John R. Thayer

John Randolph Thayer ( born March 9, 1845 in Douglas, Worcester County, Massachusetts, † December 19, 1916 in Worcester, Massachusetts ) was an American politician. Between 1899 and 1905 he represented the state of Massachusetts in the U.S. House of Representatives.

Career

John Thayer attended the common schools and the Nichols Academy in Dudley. Then he studied until 1869 at Yale College. After a subsequent law degree in 1871 and its recent approval as a lawyer, he began to work in Worcester in this profession. At the same time he proposed as a member of the Democratic Party launched a political career. Between 1874 and 1876, and again from 1878 to 1880 he sat in the council of his hometown. For 15 years he was curator of the Nichols Academy. In the years 1880 and 1881 he was a member of the House of Representatives from Massachusetts. In 1886, Thayer competed unsuccessfully for the office of mayor of Worcester. From 1890 to 1891 he was a member of the Massachusetts Senate. In 1892, he ran unsuccessfully for Congress yet.
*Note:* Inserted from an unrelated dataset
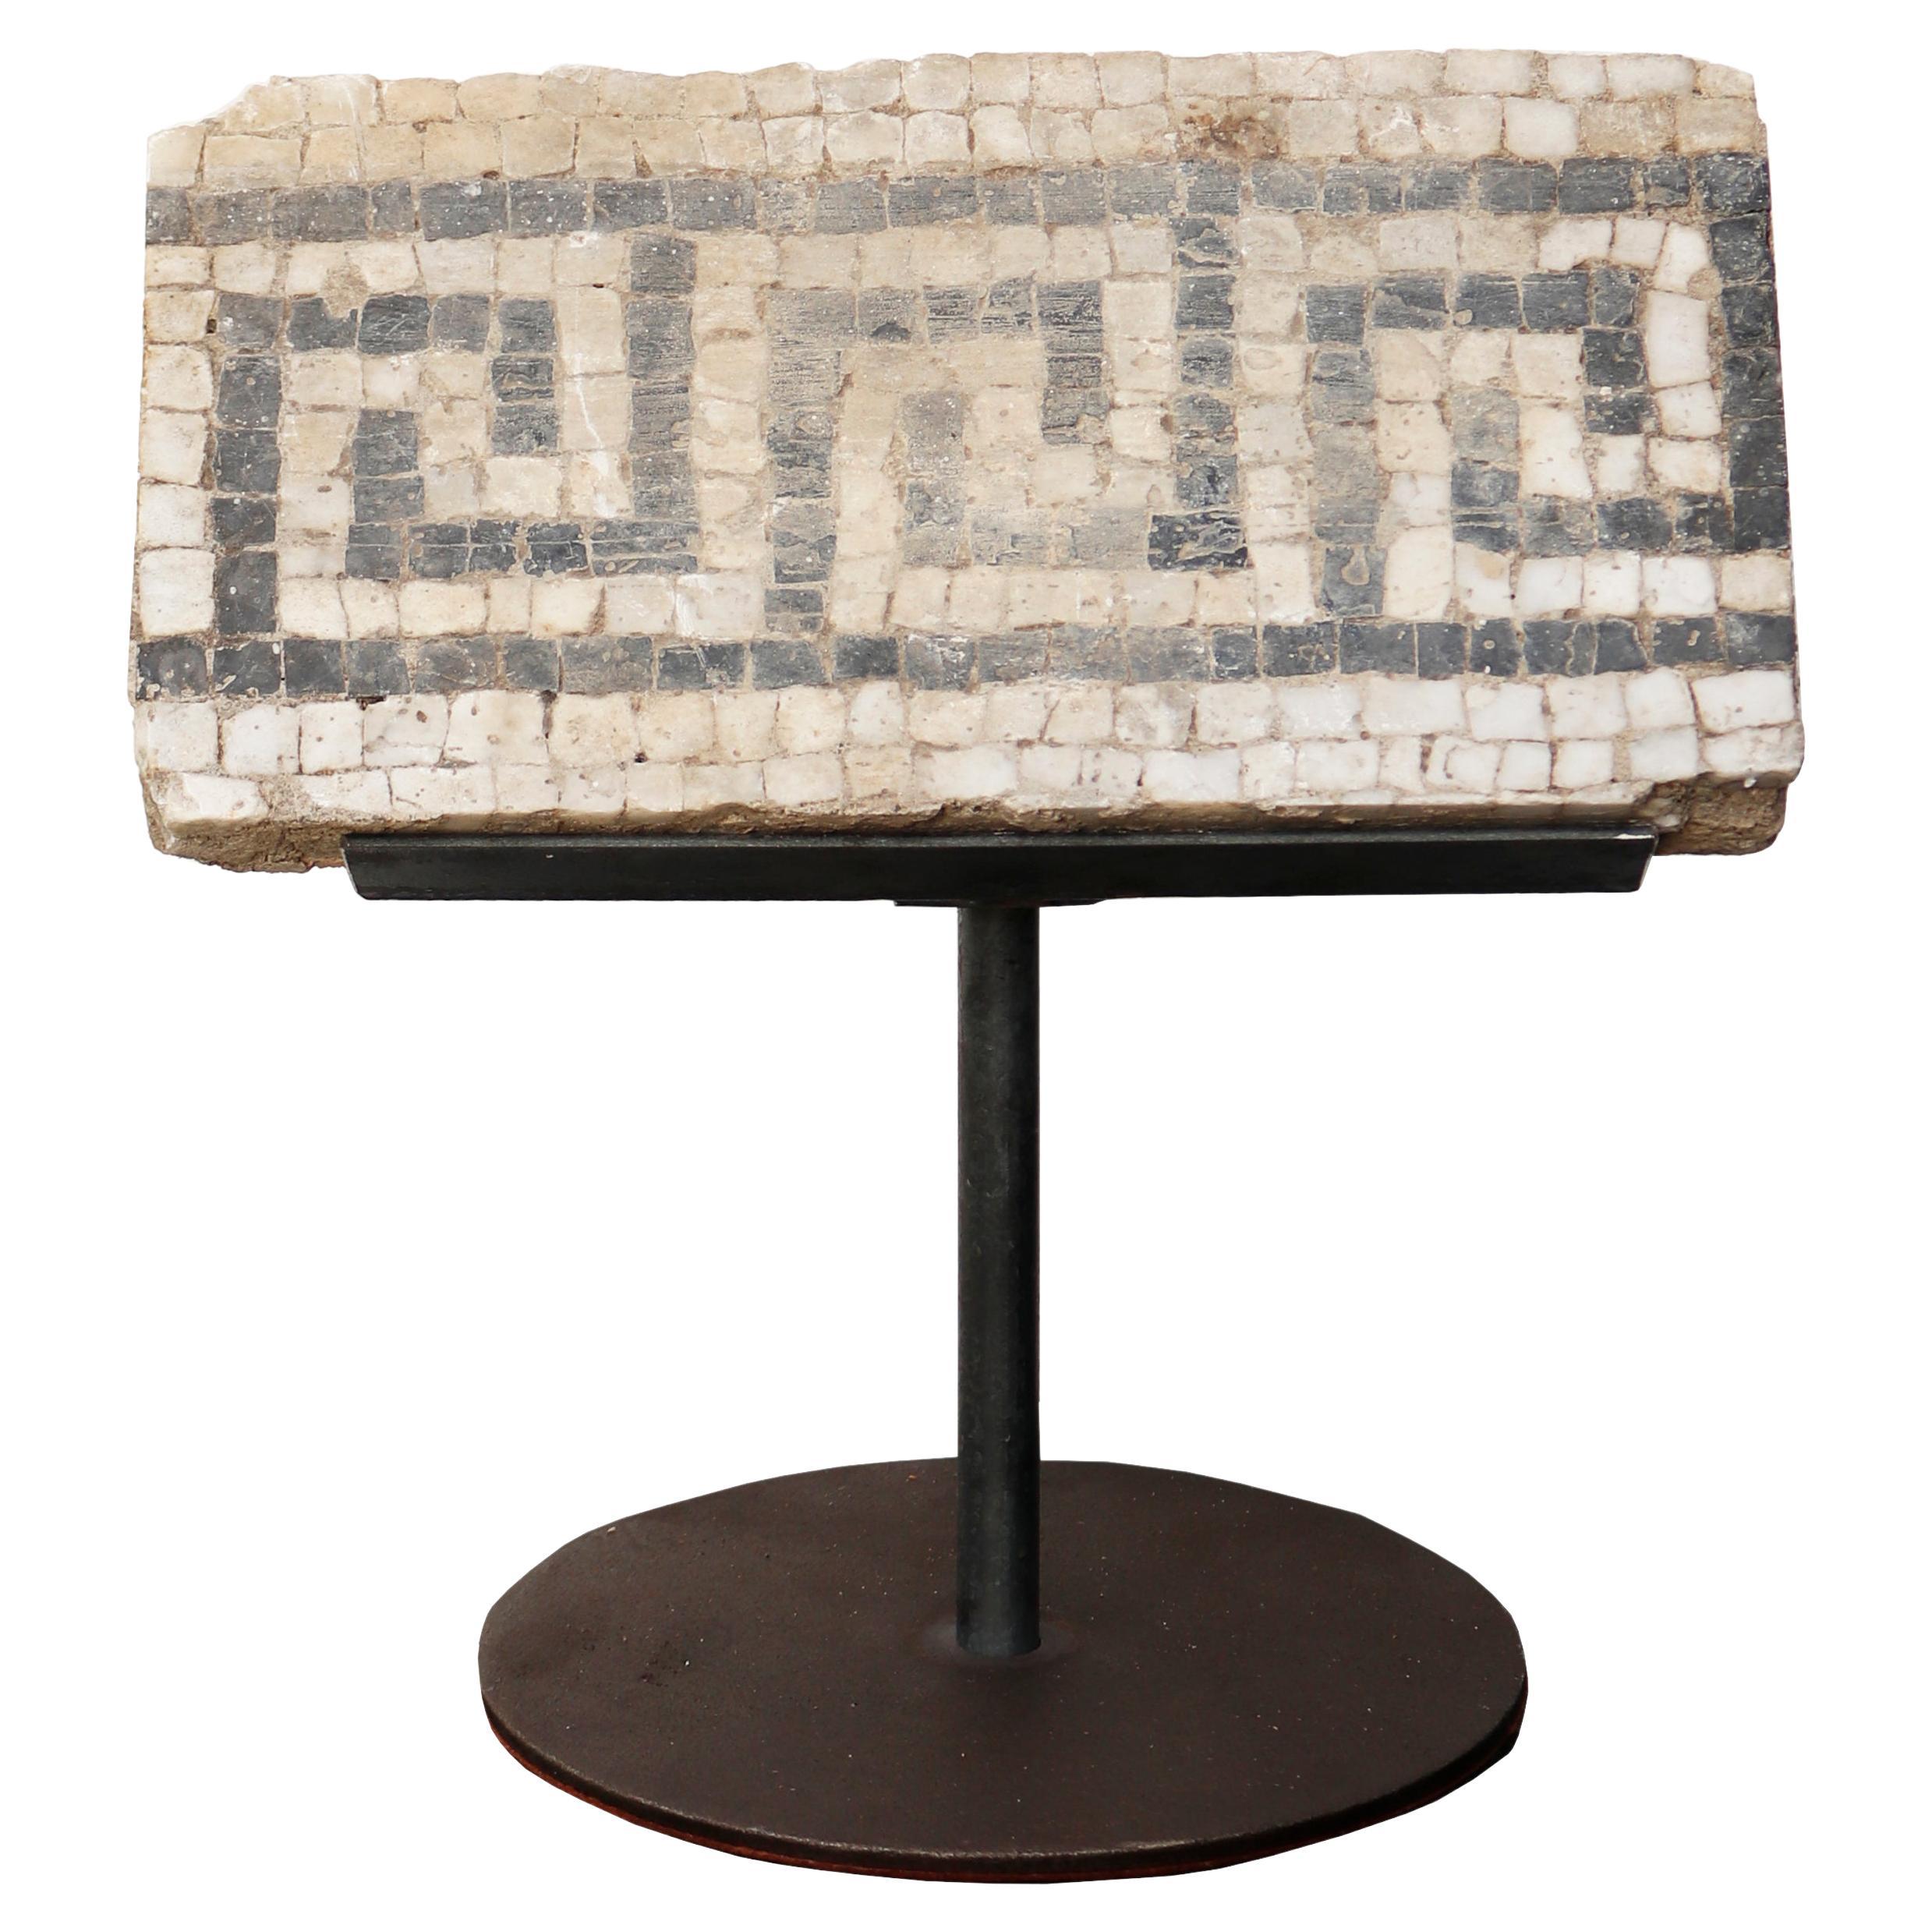 Fragment de sol en mosaïque de style romain récupéré sur Stand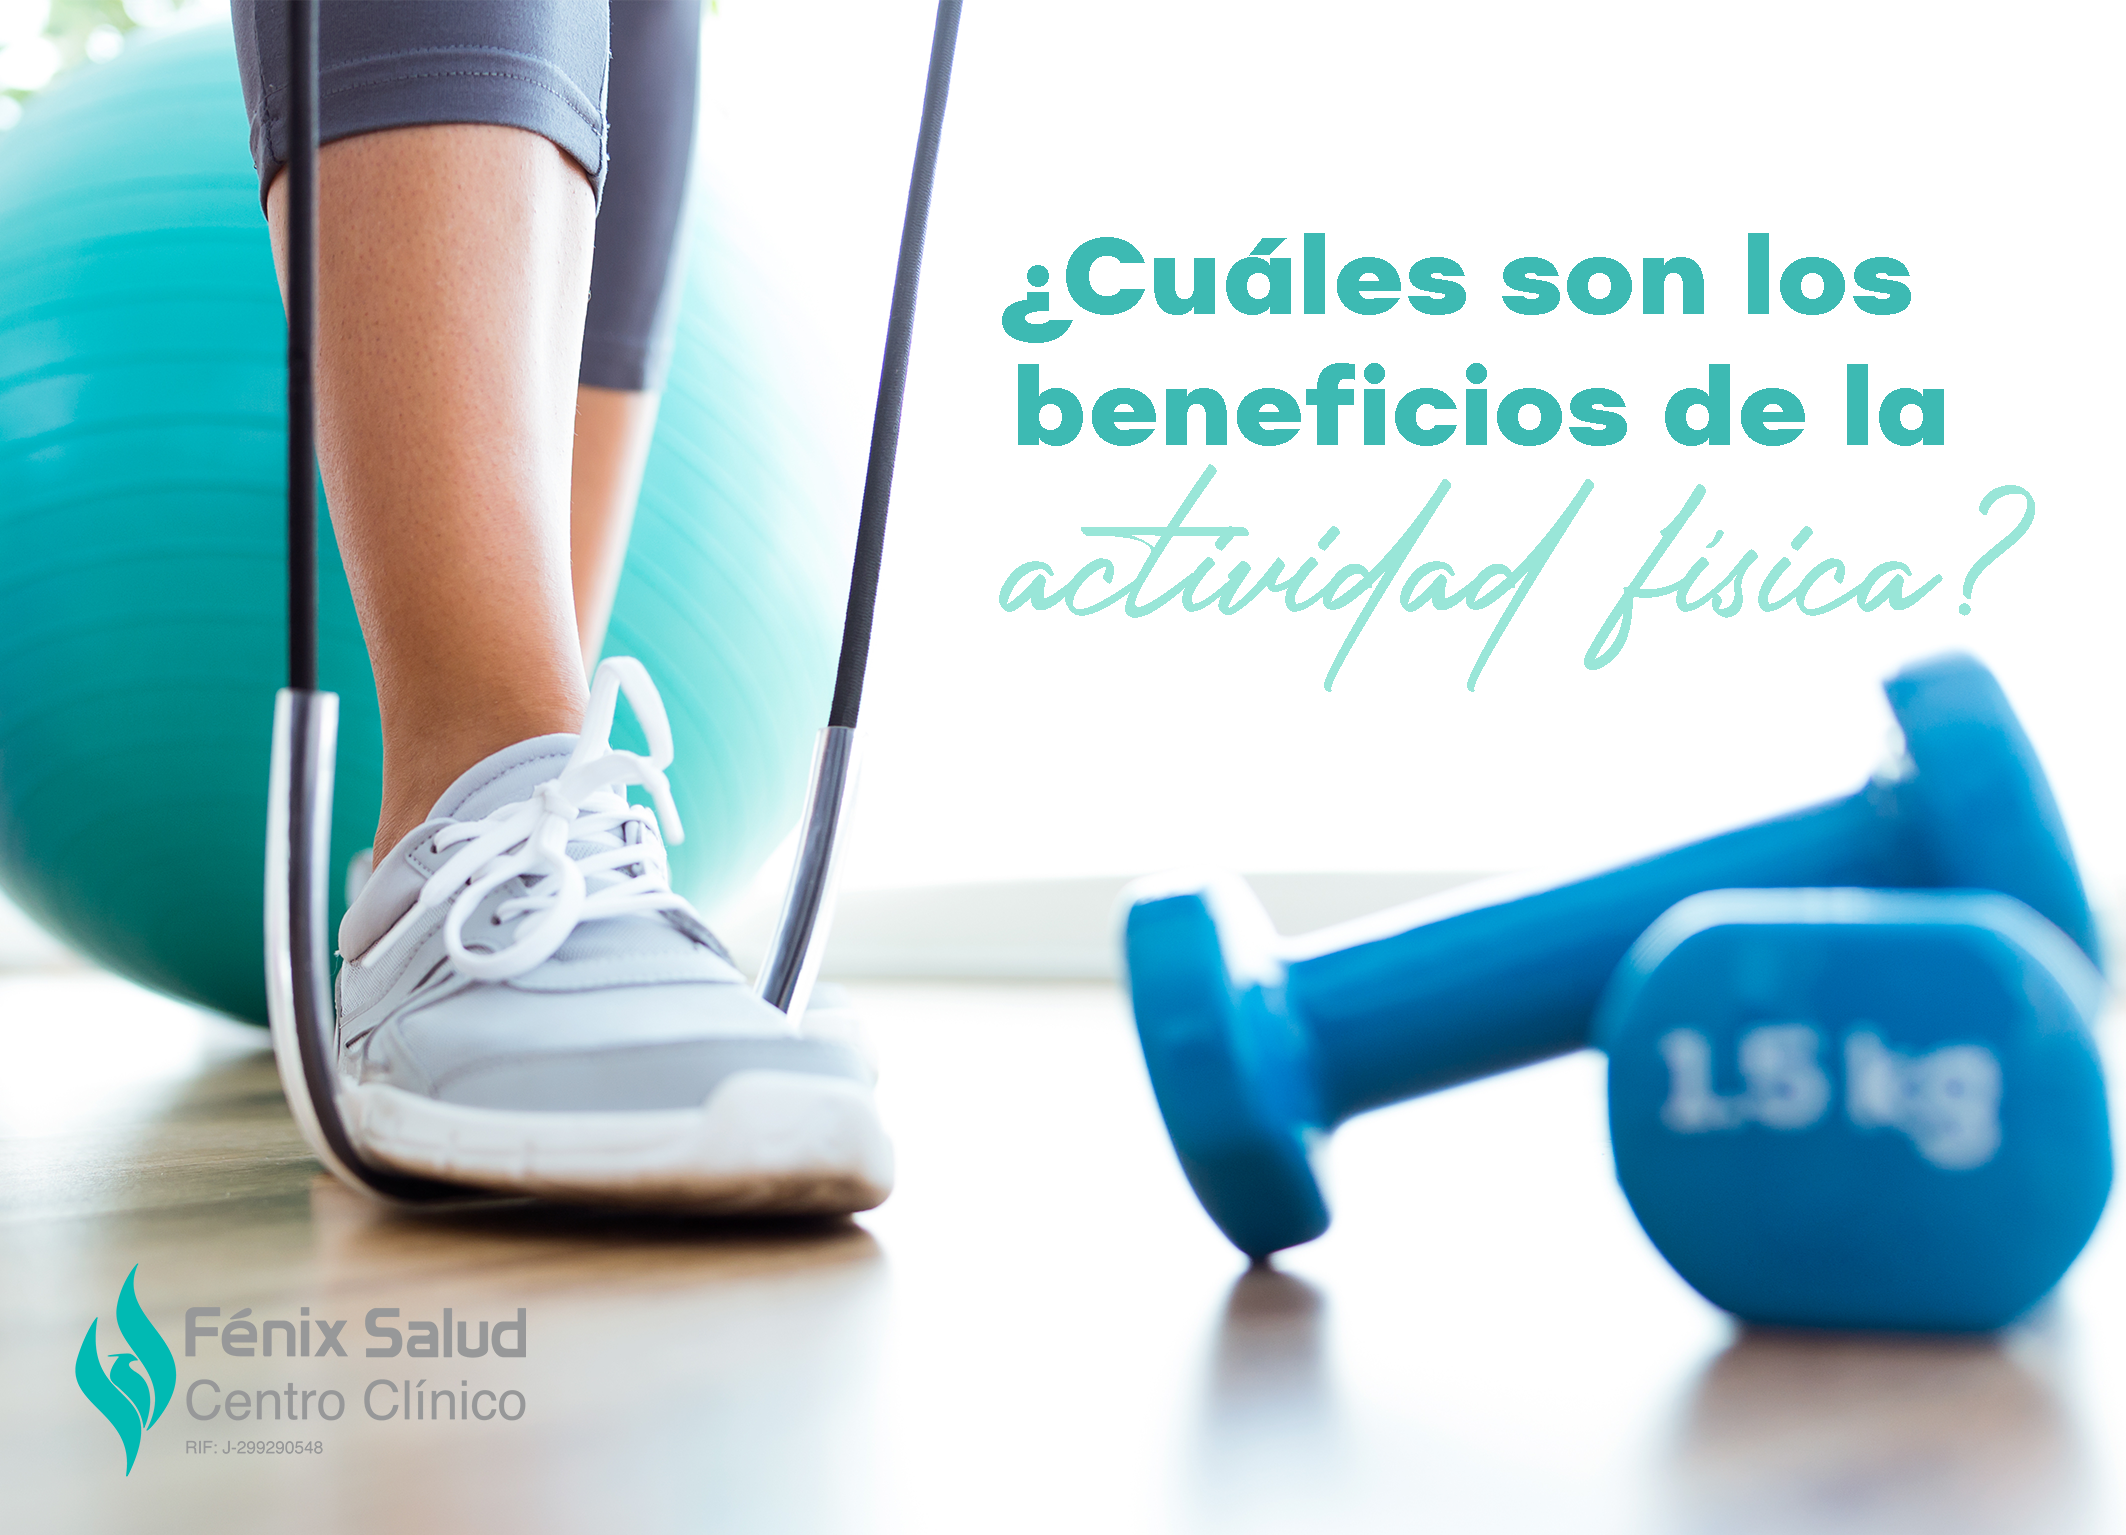 Cuáles son los beneficios de la actividad física? - Centro Clínico Fenix  Salud

In the congressional elections of 1898, Thayer was but then in the third electoral district of Massachusetts in the U.S. House of Representatives in Washington DC chosen, where he became the successor of Joseph H. Walker on March 4, 1899. After two re- election he was able to complete in Congress until March 3, 1905 three legislative periods. In 1904, he renounced a new Congress candidacy. After the end of his time in the U.S. House of Representatives John Thayer practiced as a lawyer again. He died on 19 December 1916 in Worcester.